Aber wie soll es anders sein in einem Land, in dem seit jeher Männer regieren? Das war in der Monarchie schon so und hat sich nicht geändert, seit die CSU von den Wittelsbachern übernommen hat. Markus Söder hat seinen Vorsatz von einem paritätisch besetzten Kabinett schnell wieder aufgegeben und auf den geradezu peinlichen Frauenanteil im Landtag, vor allem in den Regierungsfraktionen, kann gar nicht oft genug hingewiesen werden.
Dabei hätte Bayern mehr Frauen verdient.
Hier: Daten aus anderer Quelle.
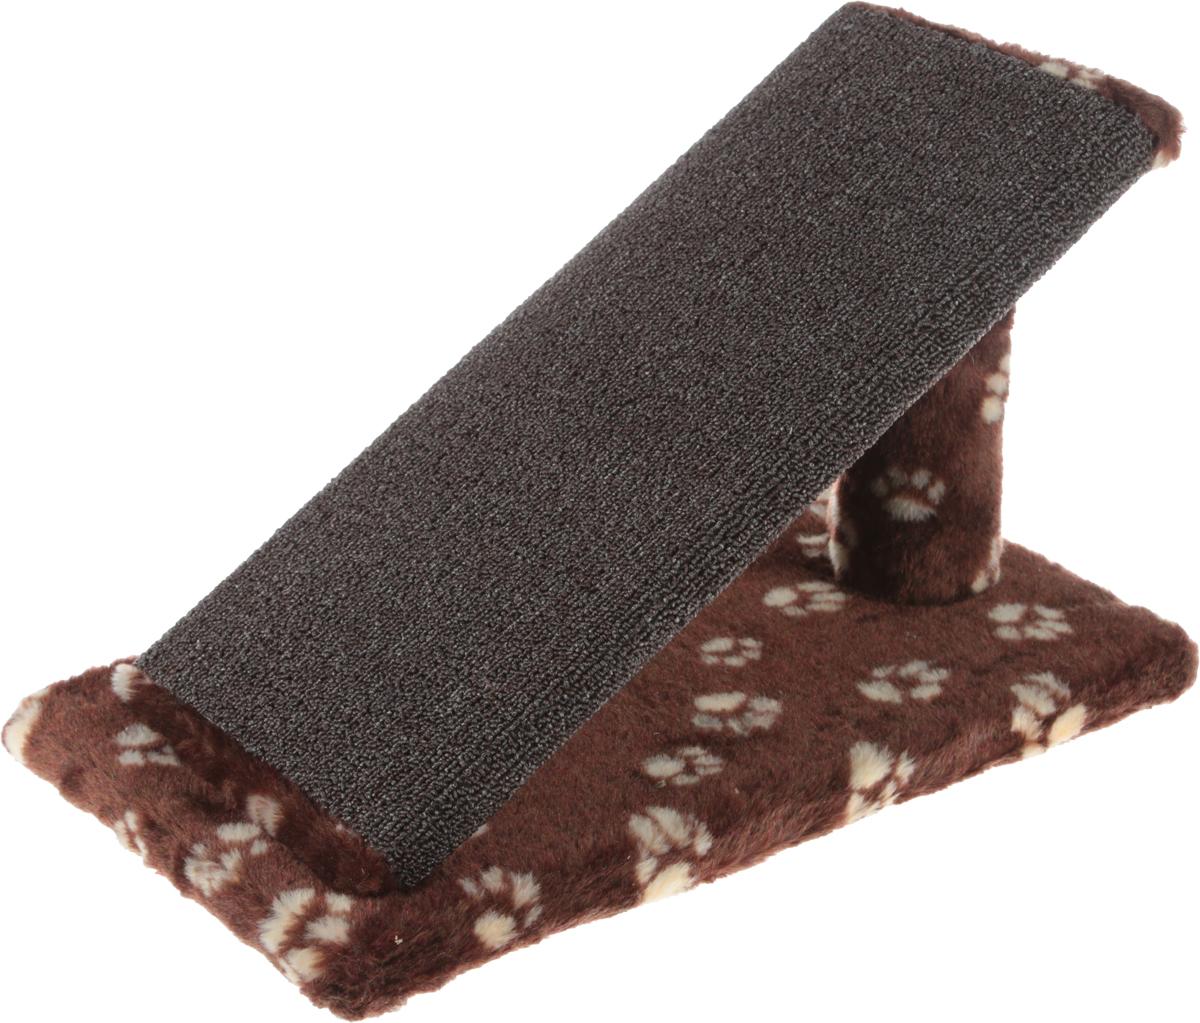 Когтеточка для котят Меридиан Горка, цвет: коричневый, белый, 45 х 25 х 25 см цена

Immerhin steht es unter höchstem weiblichem Schutz und die Patrona Bavariae schaut der ganzen Männerwirtschaft wirklich schon sehr lange zu. Die Bavaria auf Erden ist auch eine Frau und hat es in der Person von Luise Kinseher sogar auf den Nockherberg geschafft, wo in der Regel kein Frauenüberschuss herrscht.
Nicht zu vergessen all jene Frauen, deren Wirken gar nicht hoch genug geschätzt werden kann, selbst wenn die Männer an ihrer Seite als Erste genannt werden. Aber was wäre Karl Valentin ohne Liesl Karlstadt gewesen. Und wie es dem Monaco Franze ohne sein Spatzl ergangen ist, das hat man ja am Ende sehen können. Sie bahnt sich schon an, die Zeitenwende.